I have worked with Acrobat a great deal in the past but never to do this type of task, normally print based work where the content is perfect and the process I am about to explain to you would never be required. So this was a search and destroy mission for me... I did alot of searching over the past few days. Alot of downloading of software trials to see only that they were in short - buggy rubbish.
The biggest problem came in that the entire 800 pages were scanned manually from a bound document. Meaning the had very large black areas to all four edges of both the odd and even pages, they varied in thickness from page to page all the way though the document and that meant cropping the PDF was pointless for a few reasons. The first is that when you crop a PDF you are doing nothing like a crop command in Photoshop. You are really only putting your hand over your eye - so to speak so that you can not see the side of the document that you have obscured. The crop in PDF alters the page size - meaning if you want your document to look like a dogs breakfast and have every page a different width or height... thats exactly what you will be getting. I did not.
It also means if you have varying widths of black in your document from page to page you are facing a nightmare, as each page would need to be cropped by itself... a feat requiring about 12 commands or keypresses/mouse clicks. 800 pages x 12 = 9,600 things I did not want to do. Especially when it doesn't fix it. The reason is - I want my document to remain A4. You might want yours to remain the size you want... and cropping individual pages would be the wrong direction to go in for that end.

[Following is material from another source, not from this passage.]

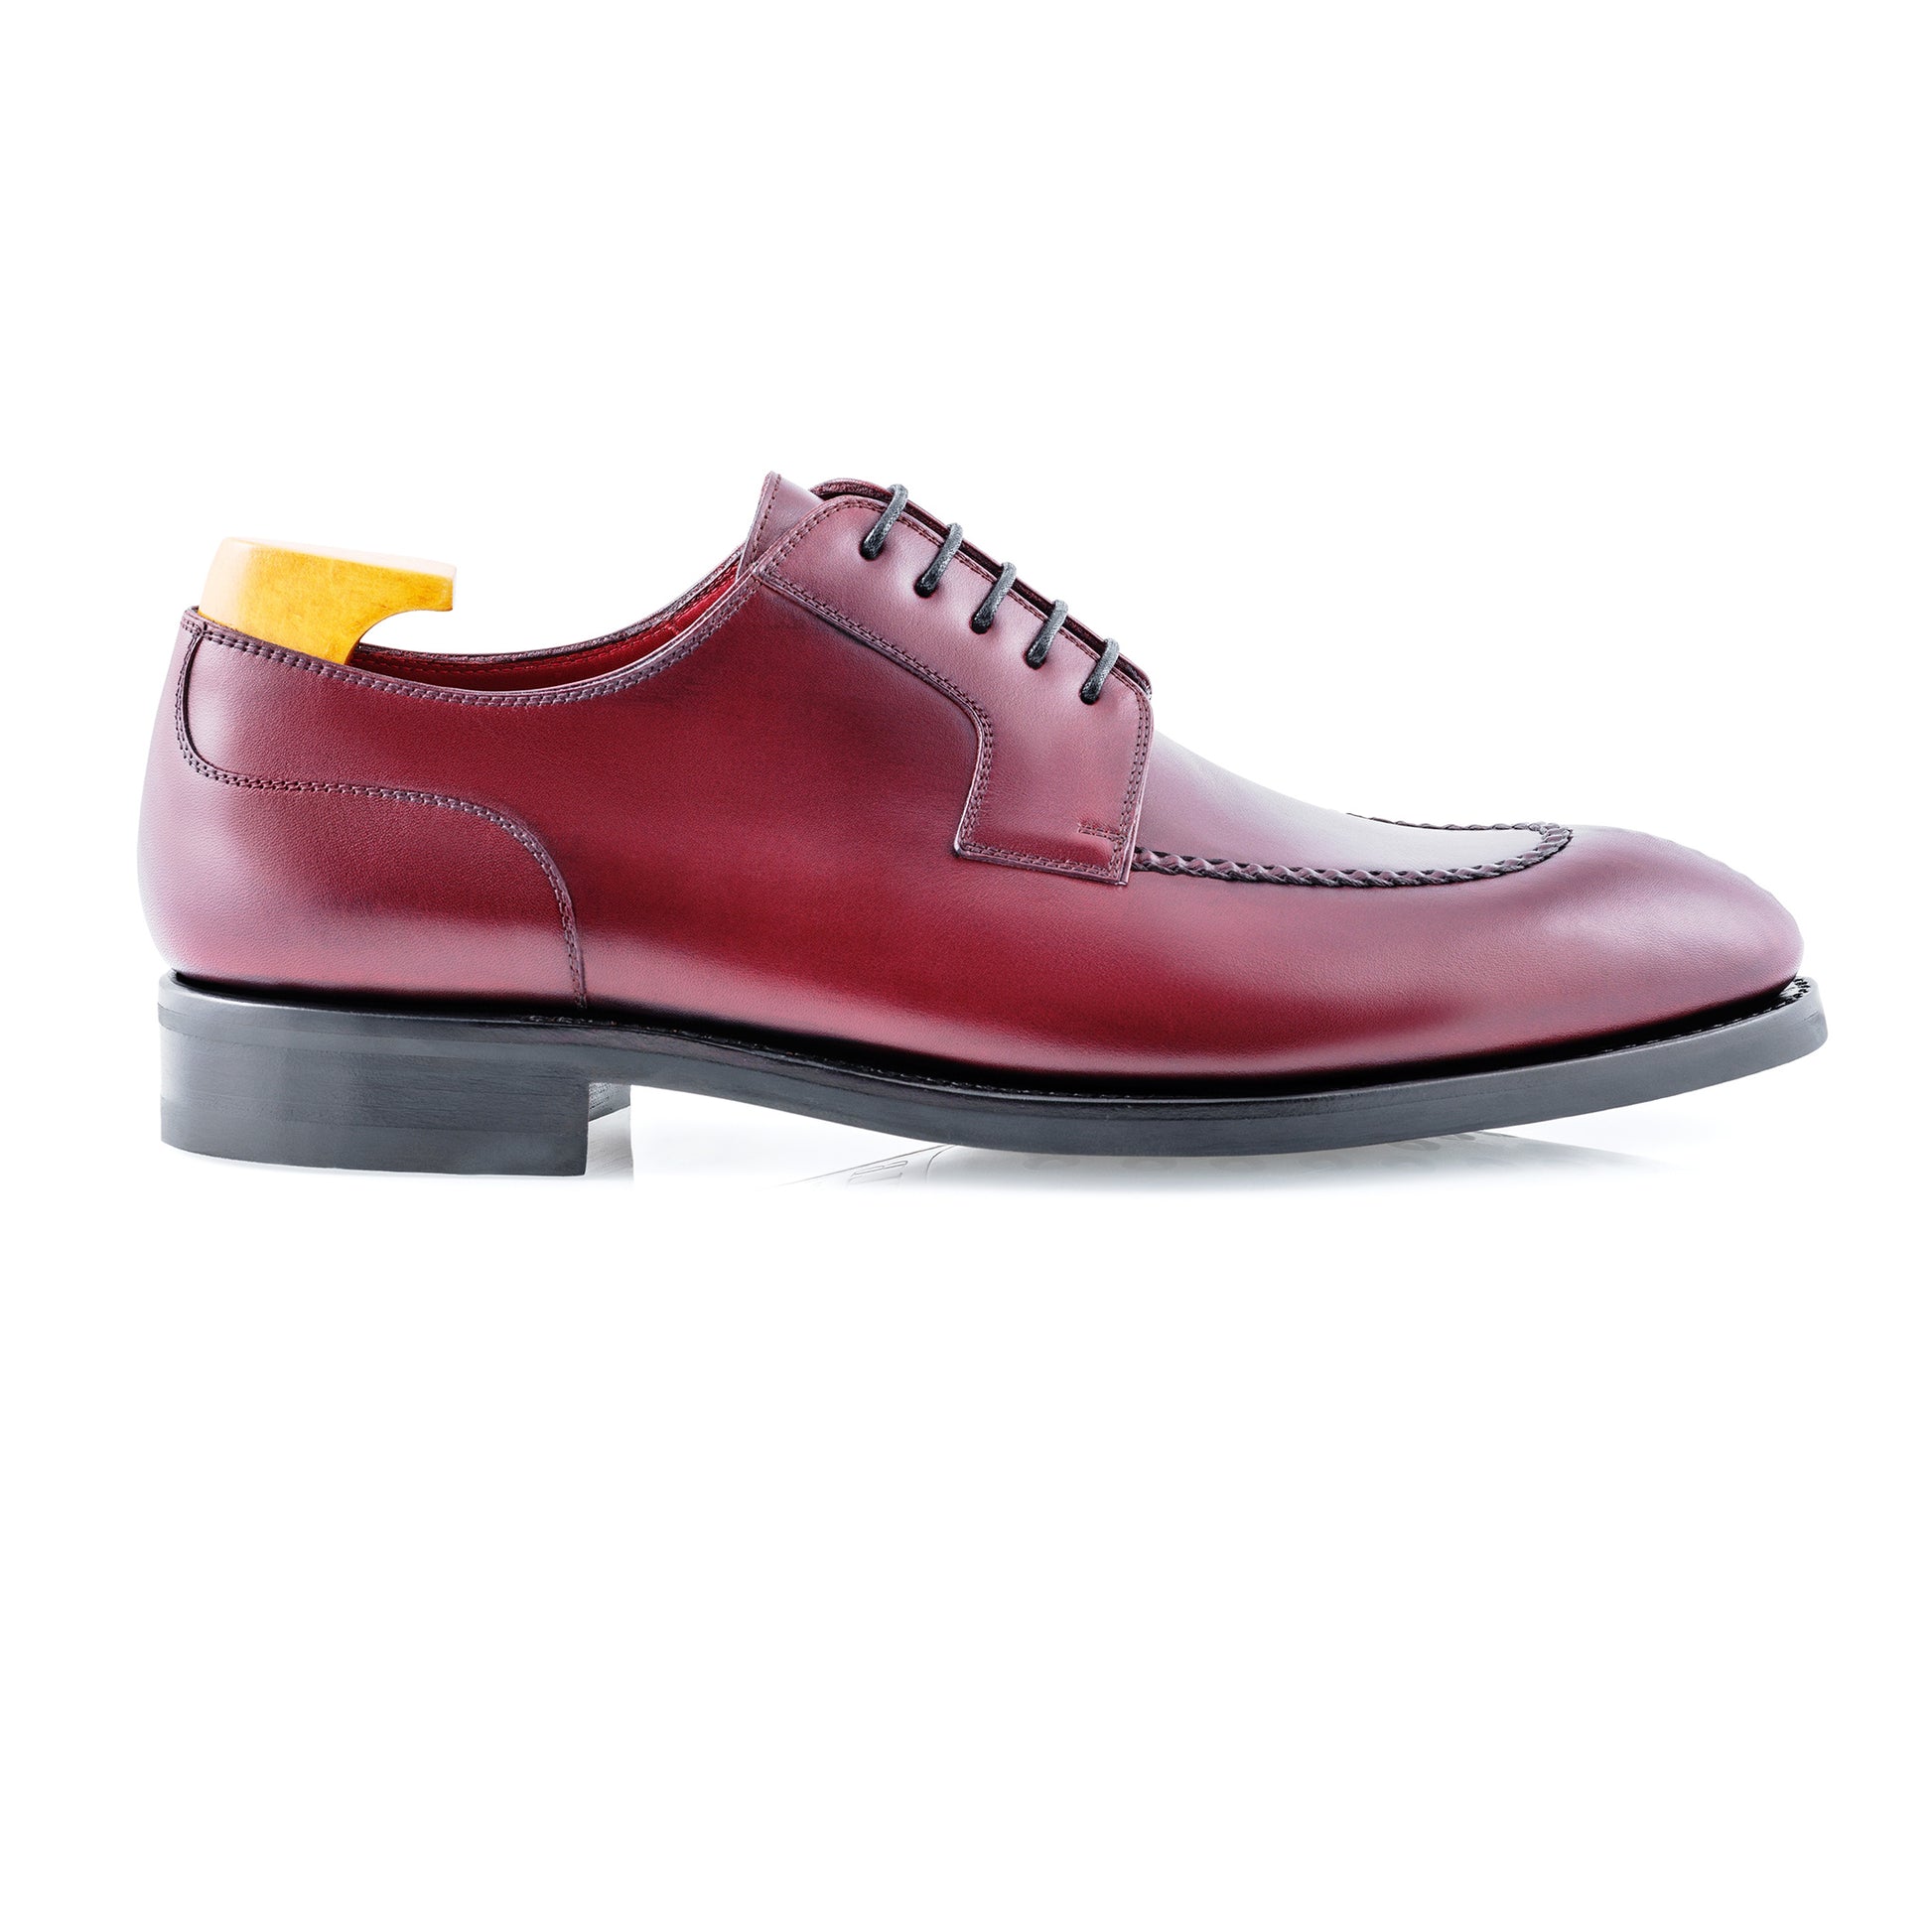 TLB Mallorca leather shoes 538 / OLIVER / VEGANO BURGUNDY

So say you do go down the manually cropping each page direction - because you only have a few pages... but then after cropping each page you decide now you are going to be smart and resize the PDF so that the page size is the right size and the edge of white (you assume) comes back. Wrong. This is where the crop command fails... all it is doing is consealing the edge of the page... you uncrop or resize the page and it give you back the original blakc scan edge. Fail.
I went lateral... Acrobat has a tool for "obscuring" anything... the NSA probably use it... or should... and its called "Redaction". Its nicely hidden in Acrobat - on the Right hand side "Tools" if the "Protection' Tab is not visible you will need to turn it on... under the "Comment" button there is a bunch of tick marks... turn on "Protection". Its a stupid name... but anyway here are the steps.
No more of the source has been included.